A Case of Opsismodysplasia with a Novel INPPL1 Variant.

Abstract

Introduction: Opsismodysplasia is a rare autosomal recessive genetic skeletal disorder characterized by short stature, short limbs, small hands and feet, delayed bone age, severe platyspondyly, metaphyseal cupping, and facial dysmorphism. Opsismodysplasia is caused by biallelic variants in the INPPL1 gene. Only 38 patients with a confirmed molecular diagnosis have been reported so far.

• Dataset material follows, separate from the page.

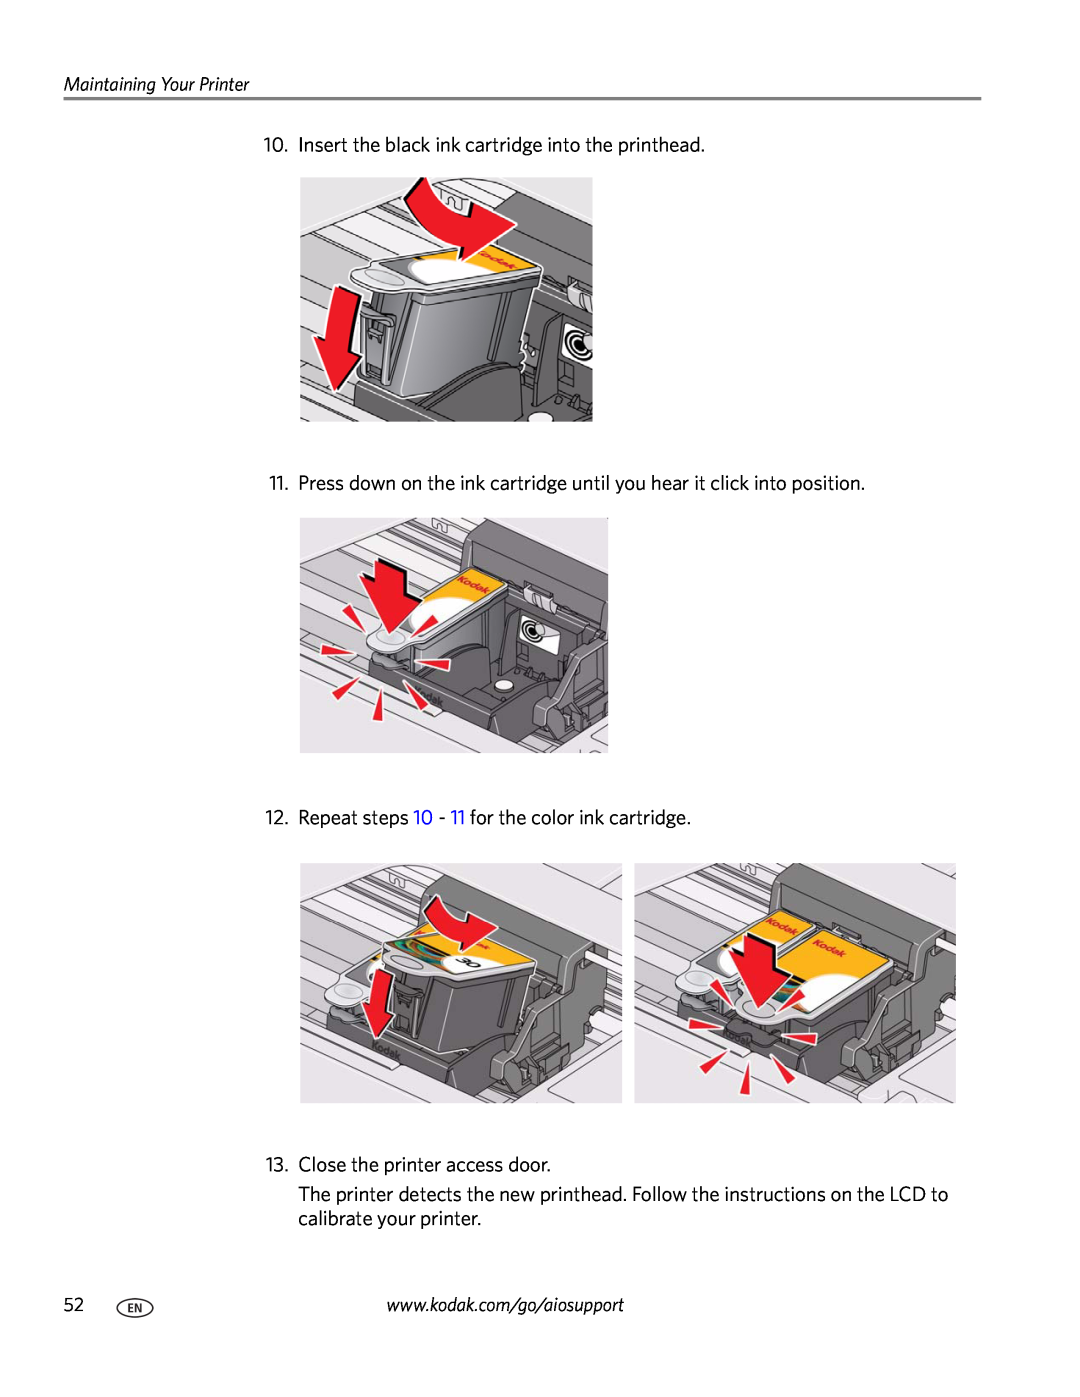 Kodak C110 manual Insert the black ink cartridge into the printhead, Repeat steps 10 - 11 for the color ink cartridge 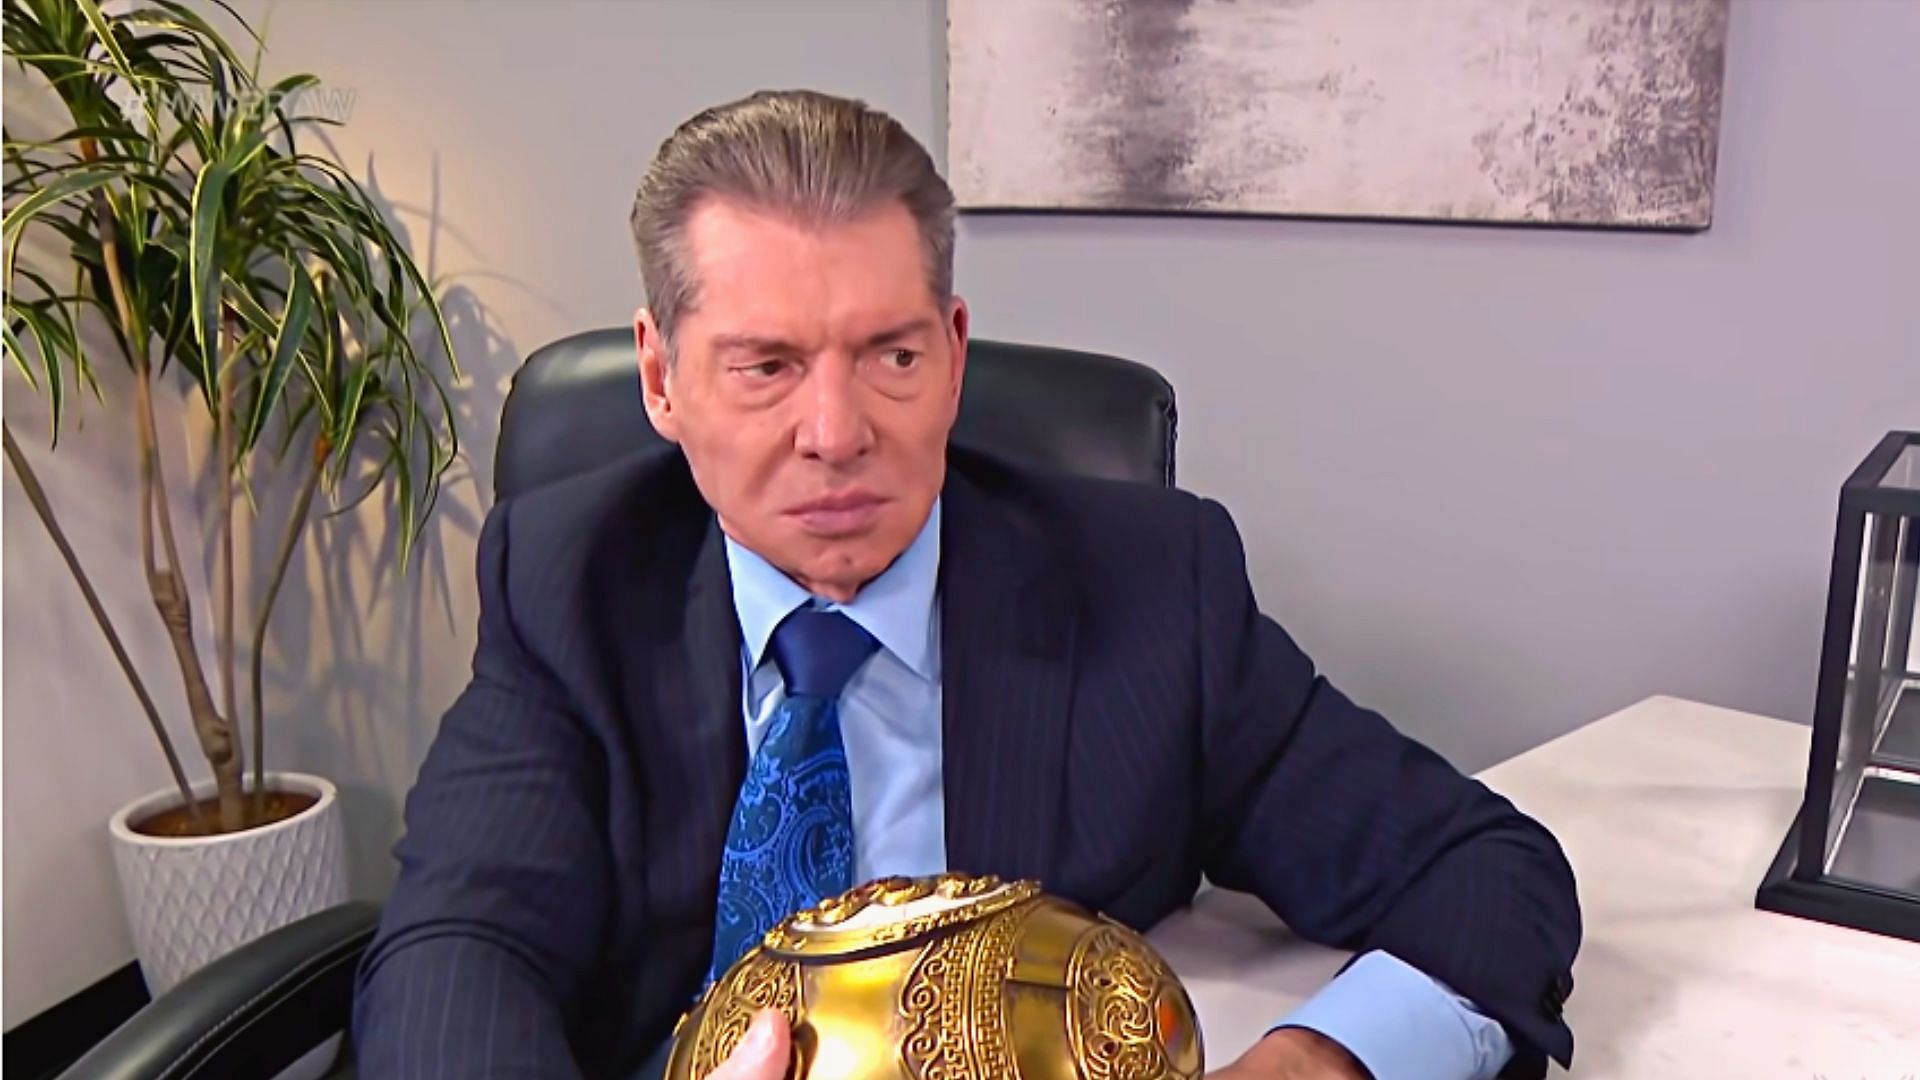 Vince McMahon appeared on this week's RAW to continue the golden egg storyline.

Case presentation: We present a 9-month-old male patient who was referred to our clinic with a suspicion of mucopolysaccharidoses due to facial features and radiographic findings, but urine glycosaminoglycans were within normal ranges. Audiologic and ophthalmologic assessments, transfontanelle ultrasound, and echocardiography were all normal. A renal cortical cyst with a diameter of 33 × 28 mm was detected in abdominal ultrasound. He had dysmorphic findings including relative macrocephaly, midface hypoplasia, depressed nasal bridge, anteverted nostrils, long philtrum, small hands and feet, and brachydactyly. His length was 63 cm (-3.7 SD) and his arm span was 58 cm. Delayed bone age, short metacarpals and phalanges, wide and irregular metaphysis, platyspondyly, anterior beaking of the vertebrae, T12 vertebral hypoplasia, and acetabular dysplasia were noted on X-rays. Exome sequencing revealed a novel homozygous c.147C>G (p.Ser49Arg) variant in INPLL1.

Conclusion: Opsismodysplasia is an extremely rare skeletal disorder, and with this case, we further expand the clinical and molecular spectrum of opsismodysplasia.